> [Exercise material]:
────────
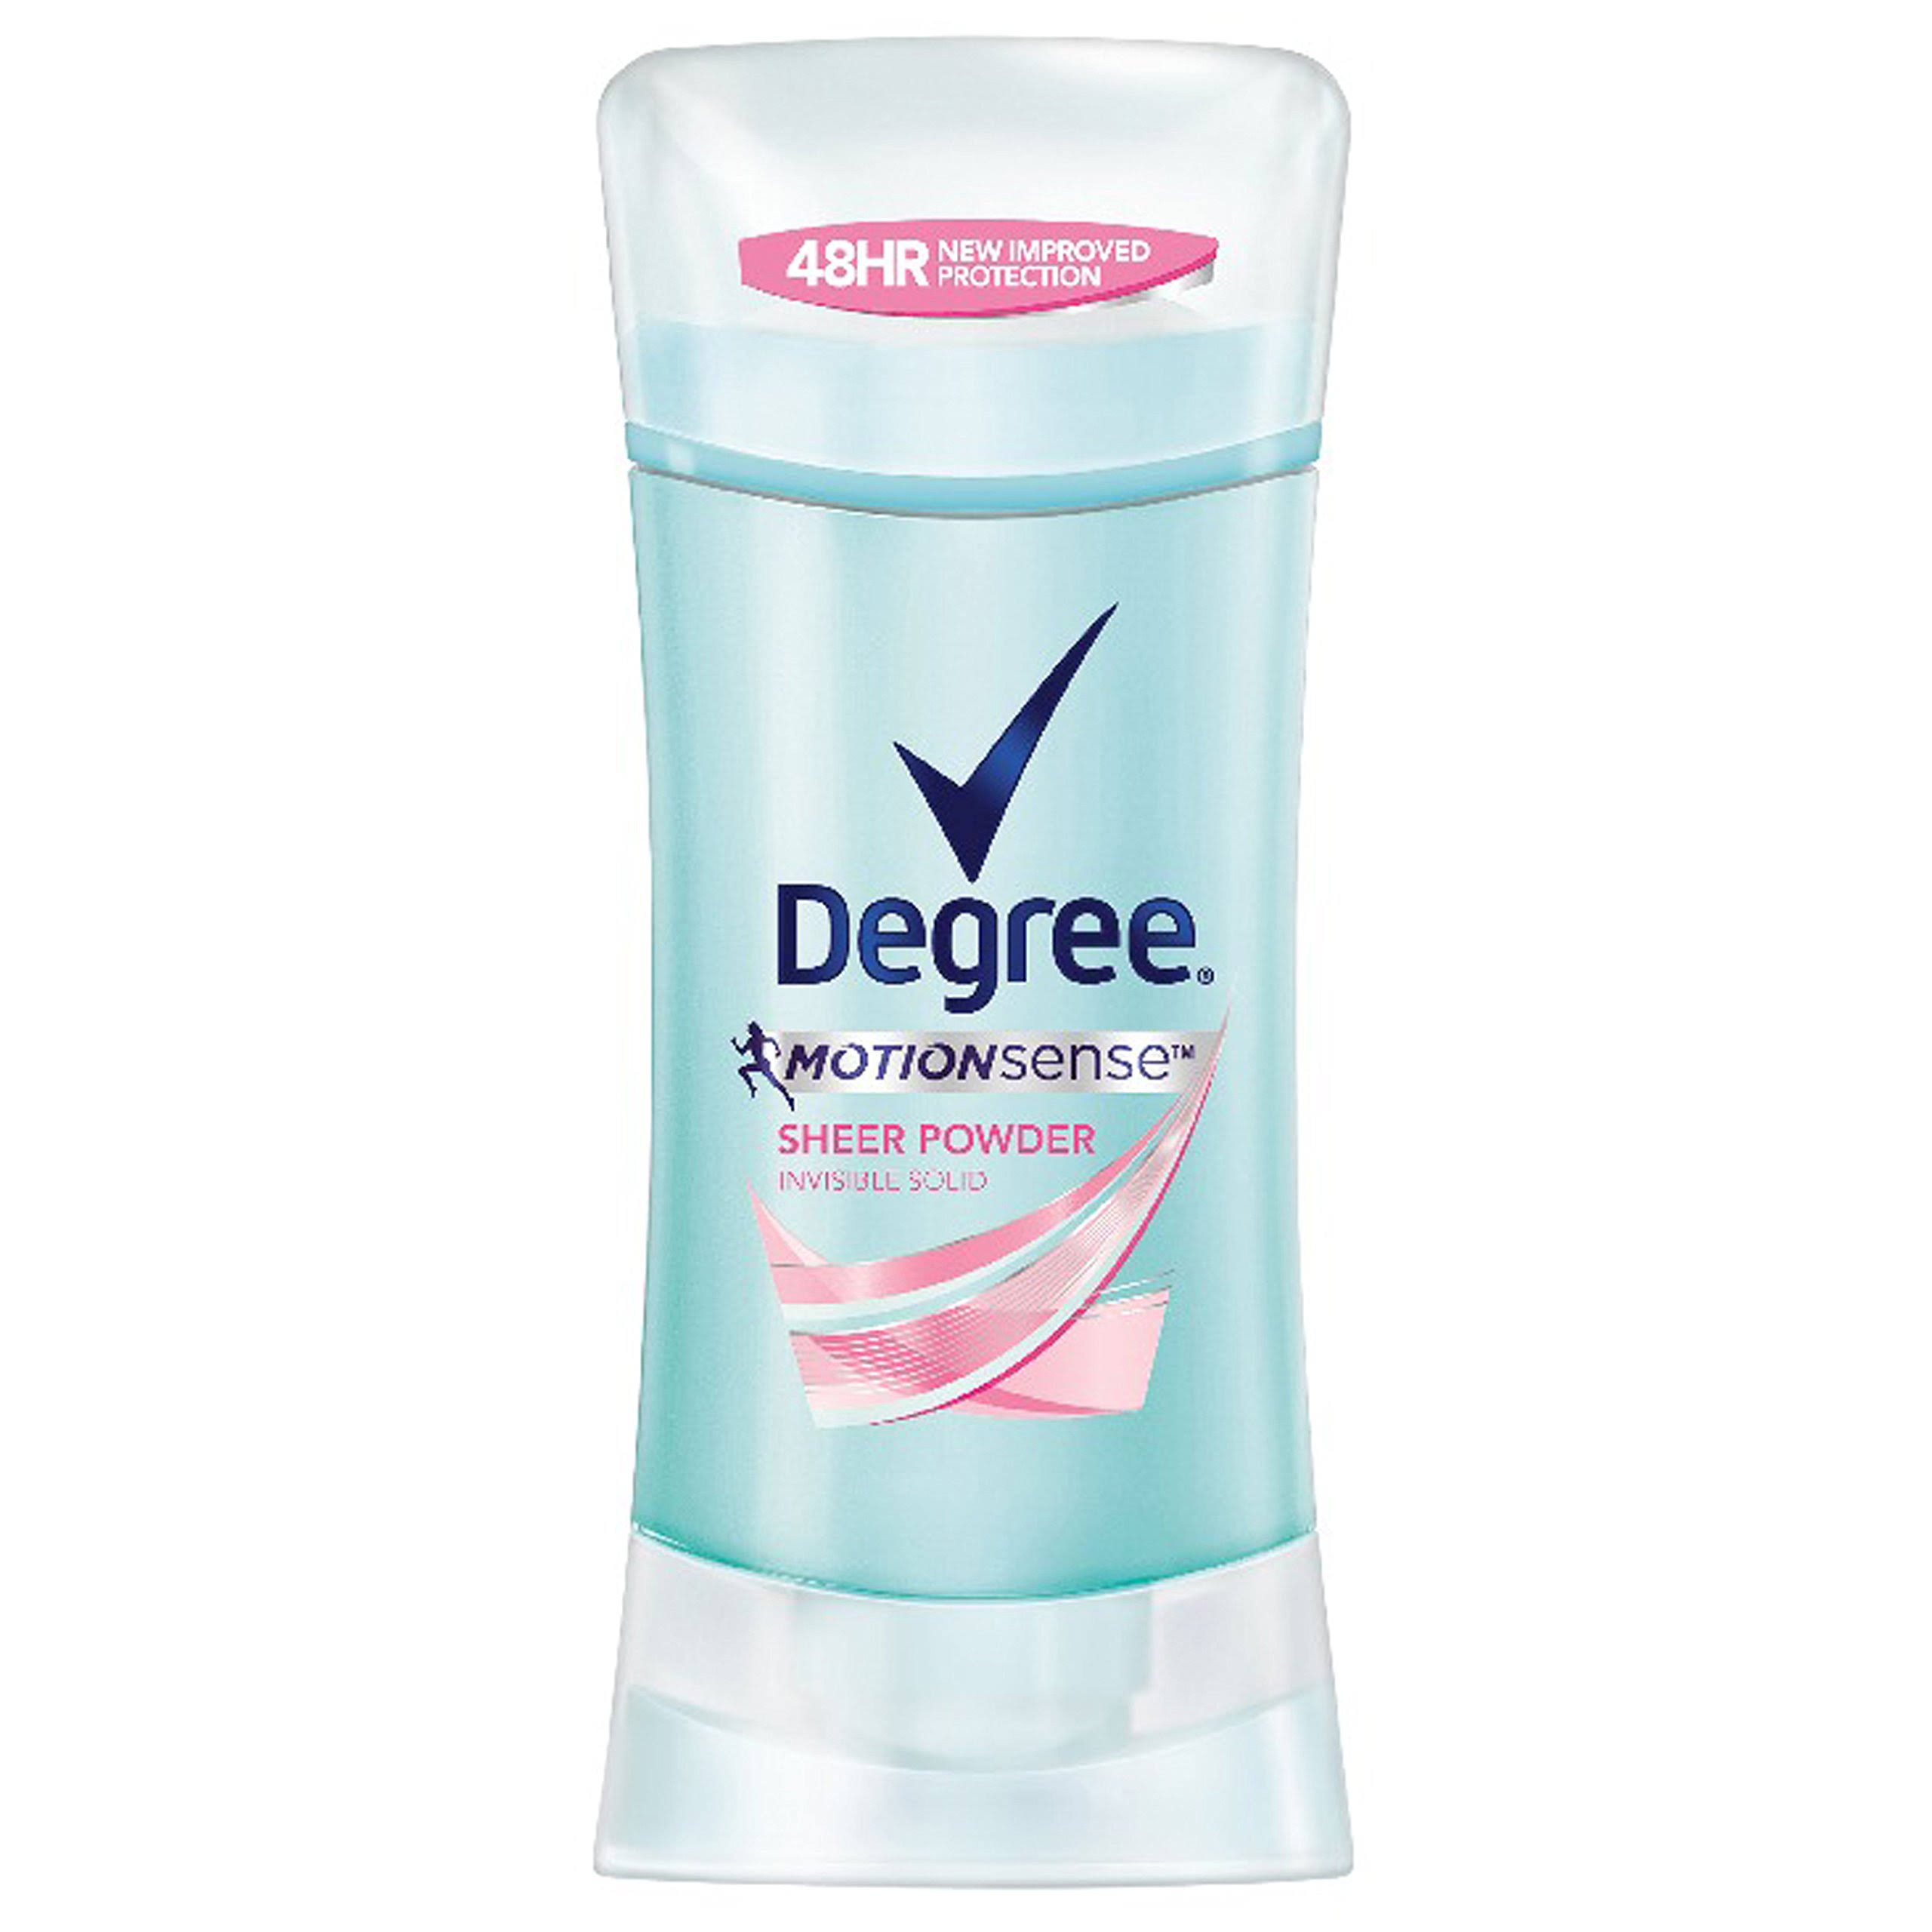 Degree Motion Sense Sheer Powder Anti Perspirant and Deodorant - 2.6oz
────────
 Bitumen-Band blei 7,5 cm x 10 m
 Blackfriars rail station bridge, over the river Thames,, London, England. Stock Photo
────────
> [Exercise instructions]:
In the entries above, find the line holding "Bitumen-Band blei 7,5 cm x 10 m" and the line holding "Blackfriars rail station", then retype exactly those two lines and every line between them, and nothing else.

> [Result]:
 Bitumen-Band blei 7,5 cm x 10 m
 Blackfriars rail station bridge, over the river Thames,, London, England. Stock Photo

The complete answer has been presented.